Habitat loss and the use of DDT led to the disappearance of bald eagles in Vermont, he said.
"A lot of Vermont was deforested, particularly the large pines, which are primarily the nesting sites for bald eagles," he said.
Hopefully, Hamelin said, bald eagles will follow the same path of the osprey, which vanished from Vermont in the late 1980s.
"Ospreys are common now. You can see them on the top of utility poles or in a dead tree," he said.
Over time, bald eagles should slowly become a part of the Vermont landscape, Hamelin said.

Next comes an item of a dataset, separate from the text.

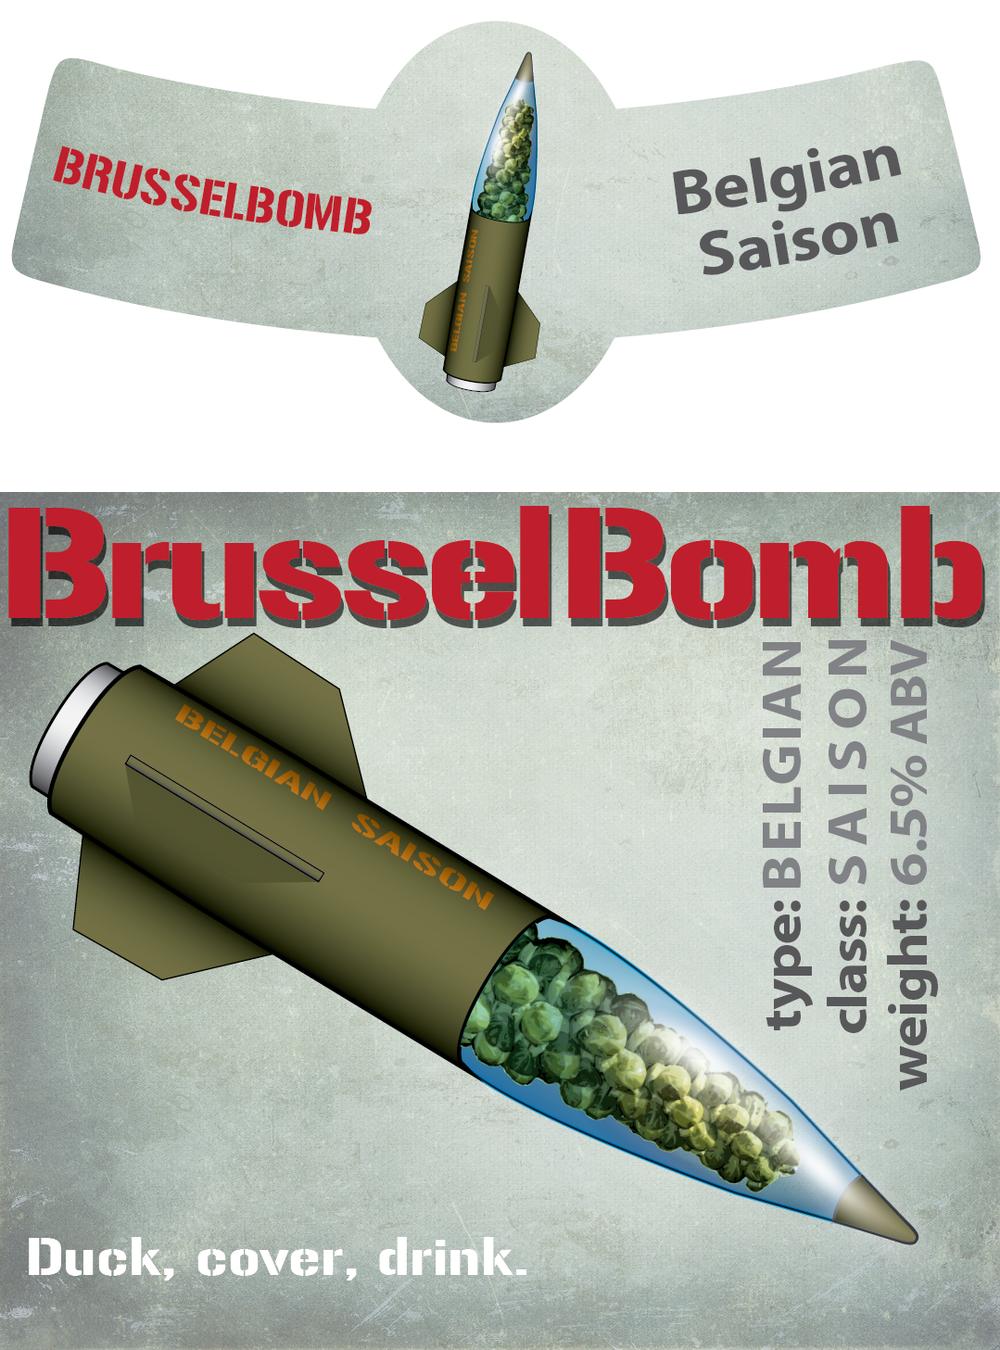 BrusselBomb Beer Label

"I think they're on their way back. Look at the surrounding states for the future," he said.
Vermont is something like the "hole in the doughnut" to bald eagle recovery, Hamelin said.
Bald eagles are always associated with large bodies of water. The birds were first recolonized along the Atlantic Coast, Hamelin said. Massachusetts and Connecticut, both coastal states, already have "great populations" of this country's national symbol, Hamelin said. "Eagles are all around us.
"This is fantastic news," he said. "This is one of the last, large, really obvious wildlife species in the state that we've been lacking for the last 60 years."
Vermont had six nesting sites this year — two in southeastern Vermont, one in southwestern Vermont and three in the Northeast Kingdom, Hamelin said. Only two produced young.
"I think we will continue to see more successful nests every year. We'll probably have some ups and downs but, overall, I expect they will be an increasing trend," he said.